● TASK PROMPT
Print exactly those lines that run from the beginning of the data to the line bearing "Mid-Century Modern Floating", inclusive.

● INFORMATION GIVEN

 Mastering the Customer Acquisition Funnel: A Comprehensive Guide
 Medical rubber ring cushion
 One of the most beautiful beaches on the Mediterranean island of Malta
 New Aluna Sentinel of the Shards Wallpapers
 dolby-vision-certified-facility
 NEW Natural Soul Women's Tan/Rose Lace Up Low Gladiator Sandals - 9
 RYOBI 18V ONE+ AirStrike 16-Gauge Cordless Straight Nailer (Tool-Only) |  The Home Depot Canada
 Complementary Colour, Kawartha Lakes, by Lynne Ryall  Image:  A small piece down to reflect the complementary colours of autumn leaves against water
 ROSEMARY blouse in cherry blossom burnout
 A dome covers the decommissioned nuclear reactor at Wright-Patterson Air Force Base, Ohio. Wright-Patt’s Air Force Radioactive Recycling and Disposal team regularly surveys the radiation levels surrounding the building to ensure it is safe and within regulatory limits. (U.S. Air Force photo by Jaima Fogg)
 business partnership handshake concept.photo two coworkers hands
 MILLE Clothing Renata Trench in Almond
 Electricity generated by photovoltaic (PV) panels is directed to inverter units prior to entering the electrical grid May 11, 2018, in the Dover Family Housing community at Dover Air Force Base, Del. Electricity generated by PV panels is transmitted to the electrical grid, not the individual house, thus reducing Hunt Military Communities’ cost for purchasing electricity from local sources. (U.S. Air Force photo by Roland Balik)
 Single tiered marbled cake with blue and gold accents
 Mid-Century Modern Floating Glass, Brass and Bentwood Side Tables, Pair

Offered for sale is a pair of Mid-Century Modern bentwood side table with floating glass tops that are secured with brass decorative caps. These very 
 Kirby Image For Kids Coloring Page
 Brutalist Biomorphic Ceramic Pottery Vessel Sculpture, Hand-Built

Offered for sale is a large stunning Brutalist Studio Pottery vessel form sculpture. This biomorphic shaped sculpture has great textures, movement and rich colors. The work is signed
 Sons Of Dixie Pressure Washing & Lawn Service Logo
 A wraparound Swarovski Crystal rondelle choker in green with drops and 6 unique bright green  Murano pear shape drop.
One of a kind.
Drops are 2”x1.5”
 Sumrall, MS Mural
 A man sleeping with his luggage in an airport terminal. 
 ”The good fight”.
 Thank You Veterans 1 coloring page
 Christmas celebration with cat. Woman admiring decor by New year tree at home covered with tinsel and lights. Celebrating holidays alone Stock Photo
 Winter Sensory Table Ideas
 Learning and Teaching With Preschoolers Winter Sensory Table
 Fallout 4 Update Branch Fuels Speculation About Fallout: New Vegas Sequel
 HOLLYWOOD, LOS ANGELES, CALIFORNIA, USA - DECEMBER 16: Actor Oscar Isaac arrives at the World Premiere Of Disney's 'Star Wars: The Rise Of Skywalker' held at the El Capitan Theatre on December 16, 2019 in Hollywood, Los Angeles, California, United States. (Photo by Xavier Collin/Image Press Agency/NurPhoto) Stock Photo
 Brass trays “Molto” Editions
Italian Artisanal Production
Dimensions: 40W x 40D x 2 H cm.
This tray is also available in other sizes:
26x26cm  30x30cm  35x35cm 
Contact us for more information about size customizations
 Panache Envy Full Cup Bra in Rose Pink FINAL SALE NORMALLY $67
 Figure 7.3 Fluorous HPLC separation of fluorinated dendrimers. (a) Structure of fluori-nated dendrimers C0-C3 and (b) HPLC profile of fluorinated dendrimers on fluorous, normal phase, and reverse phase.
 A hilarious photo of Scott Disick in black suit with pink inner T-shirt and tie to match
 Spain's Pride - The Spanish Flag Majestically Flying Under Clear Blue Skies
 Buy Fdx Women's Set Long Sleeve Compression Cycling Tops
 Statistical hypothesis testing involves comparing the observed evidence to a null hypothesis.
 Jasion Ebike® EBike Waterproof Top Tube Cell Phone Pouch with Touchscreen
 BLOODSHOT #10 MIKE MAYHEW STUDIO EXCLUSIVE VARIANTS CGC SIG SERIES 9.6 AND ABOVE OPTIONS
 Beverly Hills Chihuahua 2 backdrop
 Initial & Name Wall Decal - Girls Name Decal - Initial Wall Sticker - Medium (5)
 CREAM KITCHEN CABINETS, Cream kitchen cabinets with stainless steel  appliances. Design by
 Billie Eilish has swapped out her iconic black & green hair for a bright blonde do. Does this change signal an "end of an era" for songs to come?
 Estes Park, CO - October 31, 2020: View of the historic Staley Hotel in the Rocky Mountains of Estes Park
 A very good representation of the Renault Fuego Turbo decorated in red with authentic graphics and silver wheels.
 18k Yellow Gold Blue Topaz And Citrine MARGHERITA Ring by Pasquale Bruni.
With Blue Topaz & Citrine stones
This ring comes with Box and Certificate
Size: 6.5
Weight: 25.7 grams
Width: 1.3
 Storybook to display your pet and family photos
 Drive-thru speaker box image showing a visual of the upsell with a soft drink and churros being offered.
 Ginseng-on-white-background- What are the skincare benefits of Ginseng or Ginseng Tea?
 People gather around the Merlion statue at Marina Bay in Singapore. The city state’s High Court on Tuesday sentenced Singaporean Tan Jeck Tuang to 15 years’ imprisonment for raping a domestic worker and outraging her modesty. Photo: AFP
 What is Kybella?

● SOLUTION TO THIS TASK
 Mastering the Customer Acquisition Funnel: A Comprehensive Guide
 Medical rubber ring cushion
 One of the most beautiful beaches on the Mediterranean island of Malta
 New Aluna Sentinel of the Shards Wallpapers
 dolby-vision-certified-facility
 NEW Natural Soul Women's Tan/Rose Lace Up Low Gladiator Sandals - 9
 RYOBI 18V ONE+ AirStrike 16-Gauge Cordless Straight Nailer (Tool-Only) |  The Home Depot Canada
 Complementary Colour, Kawartha Lakes, by Lynne Ryall  Image:  A small piece down to reflect the complementary colours of autumn leaves against water
 ROSEMARY blouse in cherry blossom burnout
 A dome covers the decommissioned nuclear reactor at Wright-Patterson Air Force Base, Ohio. Wright-Patt’s Air Force Radioactive Recycling and Disposal team regularly surveys the radiation levels surrounding the building to ensure it is safe and within regulatory limits. (U.S. Air Force photo by Jaima Fogg)
 business partnership handshake concept.photo two coworkers hands
 MILLE Clothing Renata Trench in Almond
 Electricity generated by photovoltaic (PV) panels is directed to inverter units prior to entering the electrical grid May 11, 2018, in the Dover Family Housing community at Dover Air Force Base, Del. Electricity generated by PV panels is transmitted to the electrical grid, not the individual house, thus reducing Hunt Military Communities’ cost for purchasing electricity from local sources. (U.S. Air Force photo by Roland Balik)
 Single tiered marbled cake with blue and gold accents
 Mid-Century Modern Floating Glass, Brass and Bentwood Side Tables, Pair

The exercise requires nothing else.